Data-in-motion is this: You have a database waiting to do something and an application that can activate an event process when needed or in microseconds with human- or machine-to-machine activation. We currently secure these processes using antivirus software or firewalls that weed out basic known threats. Now, as hackers routinely overwhelm such defenses, cybersecurity experts say thatcybersecurity is overdue for an overhaul. (See also my January 2014 article Time for a Cybersecurity Overhaul.)
These same experts now realize the knowledge and logging of application activity is where new cybersecurity techniques must focus, and that attempts to protect networks and data perimeters are no longer effective. What they have not yet realized is that the where and how these of these event activities are the key to true cybersecurity. Even these new techniques are focused on the historical review of event logs and not the real-time dynamic work activities. We are always behind the hack. We should not be searching for the problem behind the historical event log, we should be recognizing the anomaly before it occurs.

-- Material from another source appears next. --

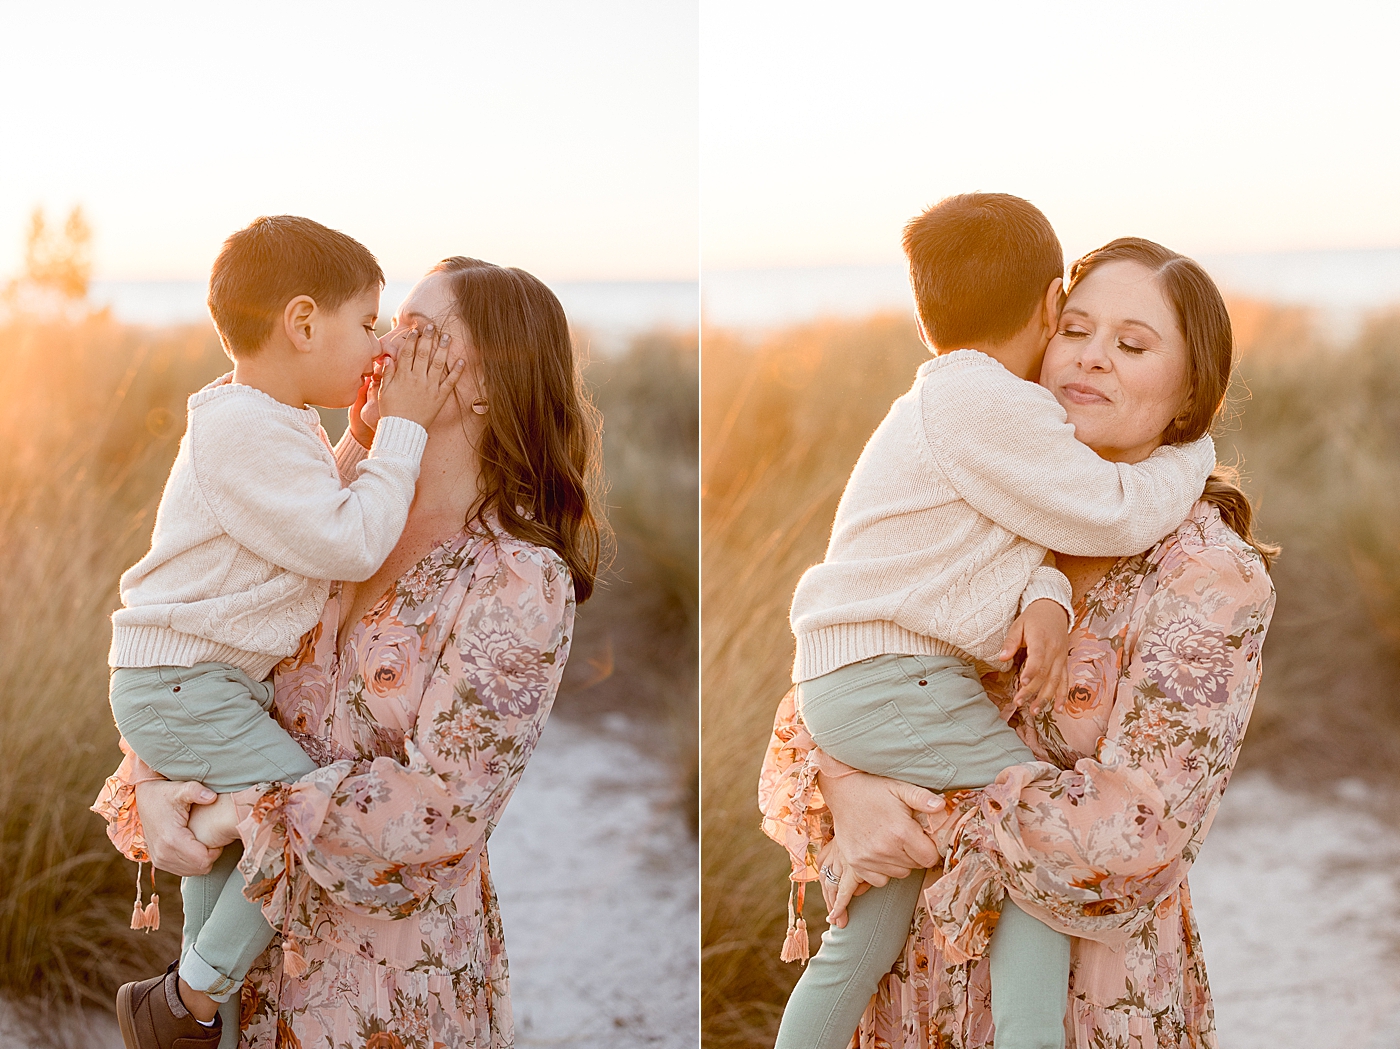 Sweet moments between a mother and son. Moment documented by Tampa Family Photographer, Brittany Elise Photography.

This is our problem; this what we need to correct.
When the application in a digital process does something, it creates a log. This log is where cyberattacks are being detected in hours, months, sometimes even years later -- or not detected at all. If we are to proactively address cybersecurity, we must apply our technologies during data in motion -- prior to the historical log. A data-in-motion application used to be a simple message sent for a specific action or event, occurring from one end point to another.  Today, data in motion carries multiple application event actions that, if exploited, can greatly affect the security policies of a specific process if they are not audited. This point of audit must be done during data in motion, where a casual real-time event can be recognized prior to processes logging. This is where and how achieving true proactive cyberdefense resides.  
My article Will DPM 5GL Save Cybersecurity? focused on these needed corrections. Policies and business processes define the right set of dynamic work activities, which can be described in a causal event patterns. DPM 5GL -- Digital Process Management 5th Generation Programming Language -- monitors the critical causal patterns, and every other activity/event is an anomaly. It is used to monitor the correct activities, not characteristics. Even today’s data analytics examines frequency of data records attributes to discover a characteristic pattern or algorithm that is manually or machine-generated for profiling purposes. We must move forward from historical analysis to real-time 5GL event patterns if we are to successfully monitor data in motion activities. This is where and how we must deploy new cybersecurity technologies to truly defend ourselves against cyberattacks.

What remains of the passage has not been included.